• [Task prompt]:
Go to the line containing "Moskwa przygotowuje się" in the records below and print it and every following line exactly, on through the line containing "Видеонаблюдения не будет", then stop.

• [Given entries]:
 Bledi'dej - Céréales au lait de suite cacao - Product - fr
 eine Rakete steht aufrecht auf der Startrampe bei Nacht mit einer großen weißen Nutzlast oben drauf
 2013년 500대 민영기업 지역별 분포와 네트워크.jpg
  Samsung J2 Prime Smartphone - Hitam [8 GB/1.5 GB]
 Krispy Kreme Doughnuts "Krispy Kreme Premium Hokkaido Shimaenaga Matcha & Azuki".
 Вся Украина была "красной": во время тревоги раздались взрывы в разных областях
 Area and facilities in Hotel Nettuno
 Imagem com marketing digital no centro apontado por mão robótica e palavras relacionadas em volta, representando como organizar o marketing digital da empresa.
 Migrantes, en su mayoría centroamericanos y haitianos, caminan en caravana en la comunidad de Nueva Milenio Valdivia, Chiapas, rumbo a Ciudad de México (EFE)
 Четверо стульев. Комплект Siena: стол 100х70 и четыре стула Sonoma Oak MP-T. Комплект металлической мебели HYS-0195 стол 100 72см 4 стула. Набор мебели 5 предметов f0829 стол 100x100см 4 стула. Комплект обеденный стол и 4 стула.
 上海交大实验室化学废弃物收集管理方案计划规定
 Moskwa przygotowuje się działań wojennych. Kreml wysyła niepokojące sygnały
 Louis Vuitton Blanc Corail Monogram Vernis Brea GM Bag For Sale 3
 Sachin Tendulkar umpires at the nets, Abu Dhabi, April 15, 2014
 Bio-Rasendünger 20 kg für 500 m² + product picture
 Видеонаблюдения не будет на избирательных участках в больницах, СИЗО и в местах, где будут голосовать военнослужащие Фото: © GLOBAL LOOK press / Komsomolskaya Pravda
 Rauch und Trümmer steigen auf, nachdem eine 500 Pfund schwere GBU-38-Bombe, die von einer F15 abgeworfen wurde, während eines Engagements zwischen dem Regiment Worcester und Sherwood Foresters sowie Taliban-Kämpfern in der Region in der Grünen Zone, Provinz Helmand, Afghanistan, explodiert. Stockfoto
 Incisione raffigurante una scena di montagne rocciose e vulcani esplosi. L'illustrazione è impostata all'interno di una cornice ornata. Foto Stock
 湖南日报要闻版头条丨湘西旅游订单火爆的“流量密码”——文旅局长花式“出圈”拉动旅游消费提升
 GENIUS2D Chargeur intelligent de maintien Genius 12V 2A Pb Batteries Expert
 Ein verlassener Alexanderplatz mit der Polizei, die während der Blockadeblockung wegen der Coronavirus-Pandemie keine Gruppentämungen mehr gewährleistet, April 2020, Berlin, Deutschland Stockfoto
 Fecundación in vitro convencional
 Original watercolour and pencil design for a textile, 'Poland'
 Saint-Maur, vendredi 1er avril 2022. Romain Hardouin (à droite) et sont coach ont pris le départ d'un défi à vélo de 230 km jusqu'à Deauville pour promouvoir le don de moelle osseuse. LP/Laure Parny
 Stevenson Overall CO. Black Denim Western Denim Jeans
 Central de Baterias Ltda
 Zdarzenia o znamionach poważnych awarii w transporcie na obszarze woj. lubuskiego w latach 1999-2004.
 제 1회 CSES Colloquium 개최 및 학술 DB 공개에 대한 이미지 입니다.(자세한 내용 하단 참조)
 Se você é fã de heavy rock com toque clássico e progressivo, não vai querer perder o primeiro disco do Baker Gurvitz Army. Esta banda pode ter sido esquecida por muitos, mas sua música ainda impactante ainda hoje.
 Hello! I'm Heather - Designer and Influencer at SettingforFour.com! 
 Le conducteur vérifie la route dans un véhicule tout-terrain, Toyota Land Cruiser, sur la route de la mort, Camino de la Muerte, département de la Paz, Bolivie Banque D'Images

• [Output of the task]:
 Moskwa przygotowuje się działań wojennych. Kreml wysyła niepokojące sygnały
 Louis Vuitton Blanc Corail Monogram Vernis Brea GM Bag For Sale 3
 Sachin Tendulkar umpires at the nets, Abu Dhabi, April 15, 2014
 Bio-Rasendünger 20 kg für 500 m² + product picture
 Видеонаблюдения не будет на избирательных участках в больницах, СИЗО и в местах, где будут голосовать военнослужащие Фото: © GLOBAL LOOK press / Komsomolskaya Pravda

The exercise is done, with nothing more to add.